While our acoustic localization algorithm assumes that there are no occlusions between the speaker array and the wearable device, we use the IMU data on the sensor to disambiguate between changes in the acoustic signals due to occlusions versus height changes of the wearable device itself. As a result, if the height of the wearable device has not changed but there is an occlusion of the direct path, the system does not update the height measurements since the IMU does not register any motion. When changes in the height of the wearable device occur (indicated by IMU data), the acoustic algorithm accurately updates the height information as long as there is no occlusion of the direct path for the duration when the height of the wearable device changes. If occlusions occur at the same time as changes to the height of the wearable device, our acoustic tracking system can run for an extended duration after the IMU triggers, until the occlusions clear up. This is done by continually computing the height until it stabilizes. Another way to mitigate this is to mount the localizer to the ceiling over the heart, minimizing the probability of occlusion events.

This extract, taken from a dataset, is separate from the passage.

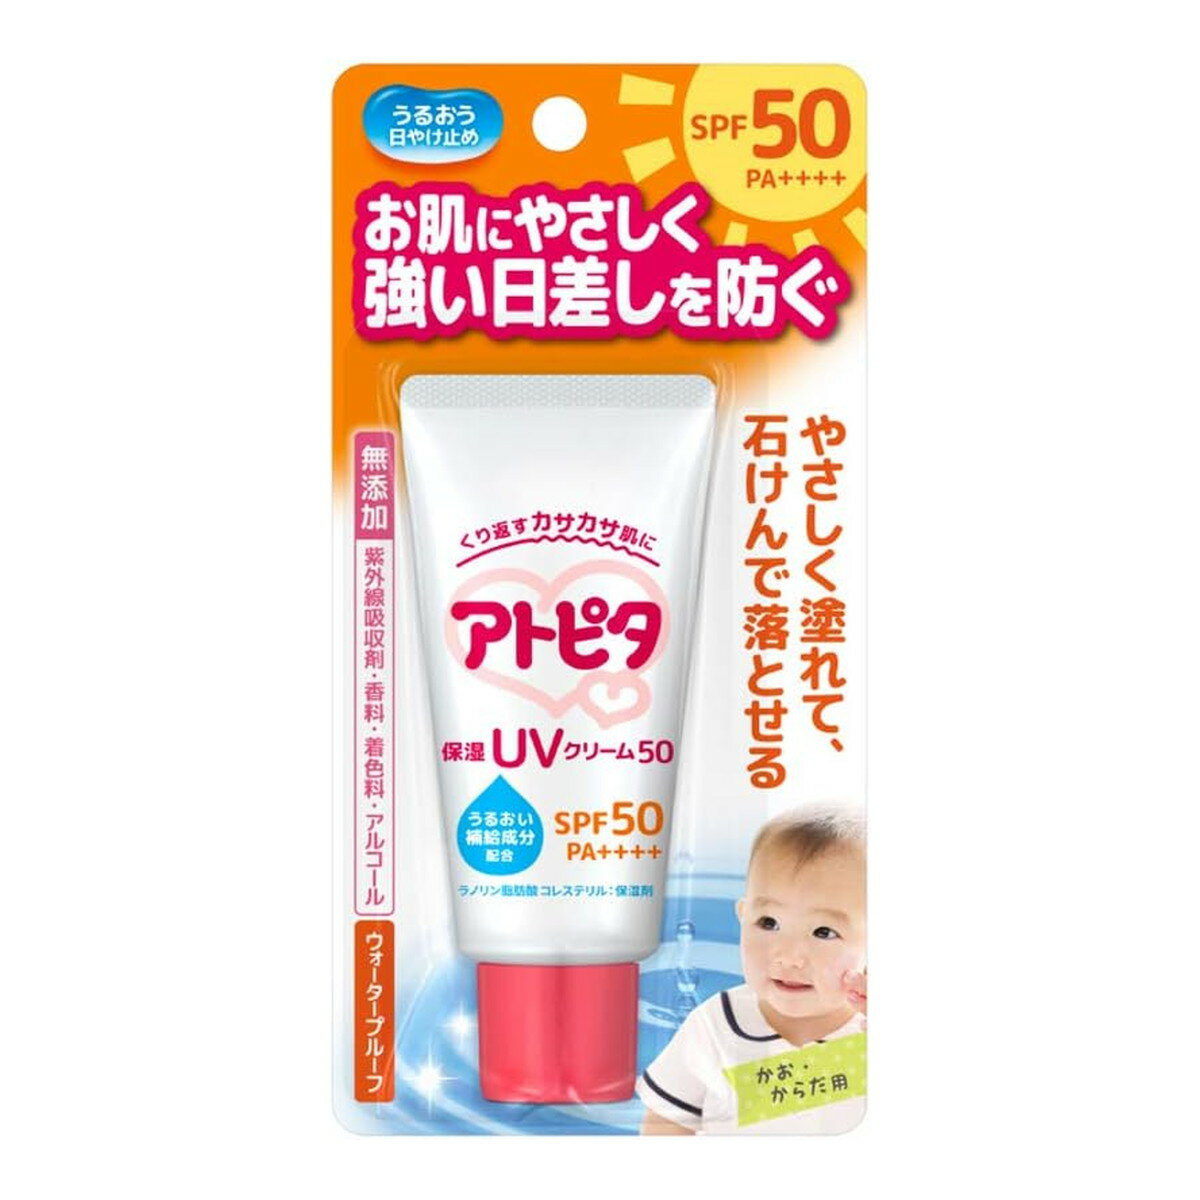 【サマーセール】丹平製薬 アトピタ 保湿 UV クリーム 30g SPF50

We anticipate the device to be most utilized in the ICU and operating room. Patients in the ICU are less likely to be sedated and may reposition themselves in the bed. They also potentially have visitors who can adjust the height of the bed without alerting a nurse. In addition, bed heights are frequently changed in the ICU as nurses perform various care tasks to minimize their own risk of occupational injury31 and each height change requires the nurse to remember and adjust the pressure transducer for an arterial line that may be in place for days or even longer.

In summary, maintaining the transducer position for invasive arterial pressure measurements is a manual process that is prone to errors. In this study, we demonstrate a wireless, low-power system for automatically determining the hydrostatic reference point height with median precision of less than a centimeter. This prototype device could help decrease the task overload of healthcare providers and improve the accuracy of invasive arterial pressure measurements.